To Richard Cochrane and many of the First Nations tribes, the moon is indeed a sacred symbol that appears in countless First Nations traditions. This Aboriginal artist was indeed inspired to represent his interpretation of “Grandmother Moon” smiling down at him and onto the earth. He cherished each moment of the two years that it took to create this master piece.
The obverse features the effigy of Her Majesty Queen Elizabeth II by Susanna Blunt.
- The engraved Moon Mask has been created with attention to detail even representing the wood grain of the Red Cedar that was used to carve the actual wooden Moon Mask.
- The ultra high relief provides an even more unique perspective onto the wonder and beauty of the art itself.
- This amazing coin was created through a minting technique that builds the apex of the silver relief image to the extreme heights usually found only in Medallic art, where dimensional images are created through the casting processes of sculpture.
Face Value:25 dollars
Composition:99.99% fine silver
Coin is encapsulated and presented in a Royal Canadian Mintbranded
maroon clamshell case lined with a black flock and
protected by a black sleeve.
Finished Packaging Size: 67 mm x 67 mm
Advertising Date: April 2, 2013
Launch Date: April 9, 2013
Complete Certificate Text:
The comforting glow of the moon
A full moon inspires awe and wonder in all those who gaze at it. Long before recorded history, cultures around the world
were charting the moon’s path across the night sky. Its perpetual waxing and waning, vanishing and reappearing, marked
the passage of time—not clock time, but the cycles of life; the ebb and flow of the sea; the birth, maturation and
migration of animals; the sprouting of new plants and the scattering of seeds.

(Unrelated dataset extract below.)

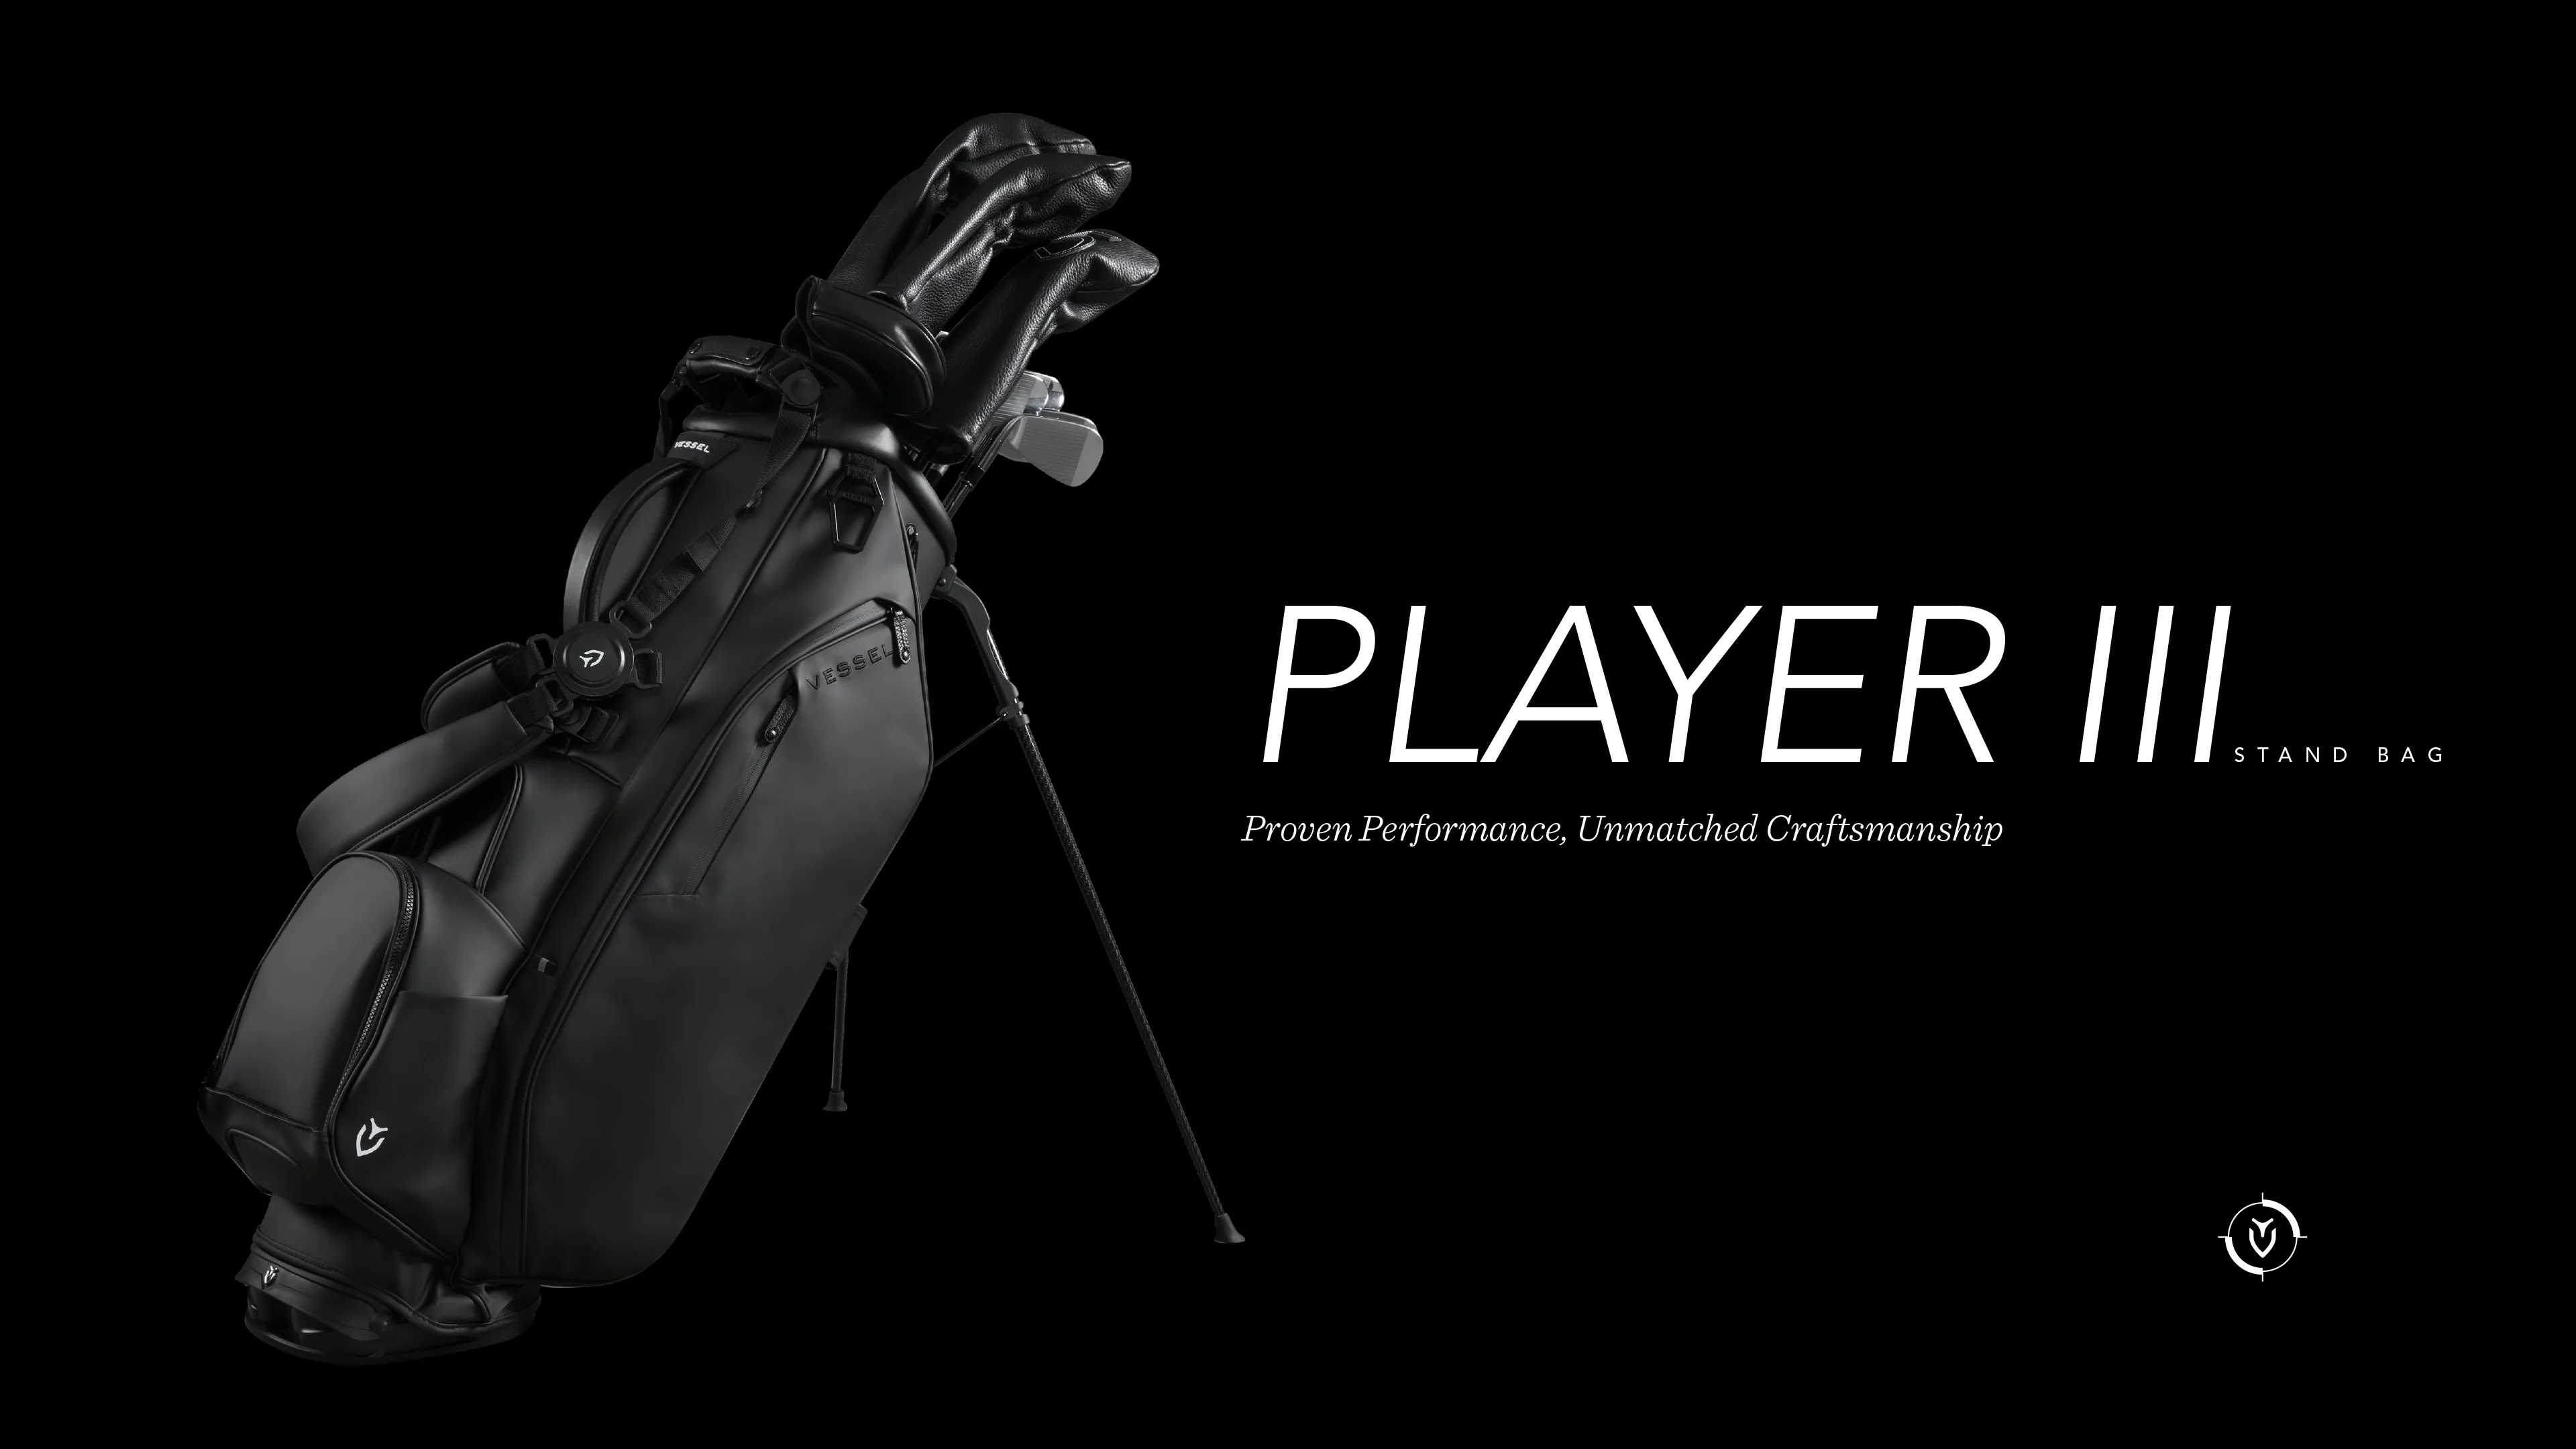 The Player III Stand Bag on Vimeo

Unlike the sun, the moon does not blaze its power upon the earth. It is subtle, more receptive and reflective. The moon
brightens the darkness and is therefore a powerful guide or protector—and as the force that rules the tides, it is strongly
linked to water.
The moon is a sacred symbol that appears in countless First Nations traditions. These ancient cultures often carved masks
to express the intimate relationship between the invisible forces above and the people, animals, plants, rocks and earth
To the Muscoday First Nations of Saskatchewan, the moon is their protective grandmother, matron of the earth. She is
the one who pulls back the ocean tides to set the table and establish the mood. Richard Cochrane, a member of the Bear
Clan and renowned Aboriginal artist, carved a wooden mask of Grandmother Moon smiling with the gentle knowing of a
grandmother. Cochrane’s great-grandmother was the sister of Robert Bear, second chief of his band when it was known
as the John Smith Reserve. Carving the mask took two years. Says Cochrane, “You don’t rush Grandmother.”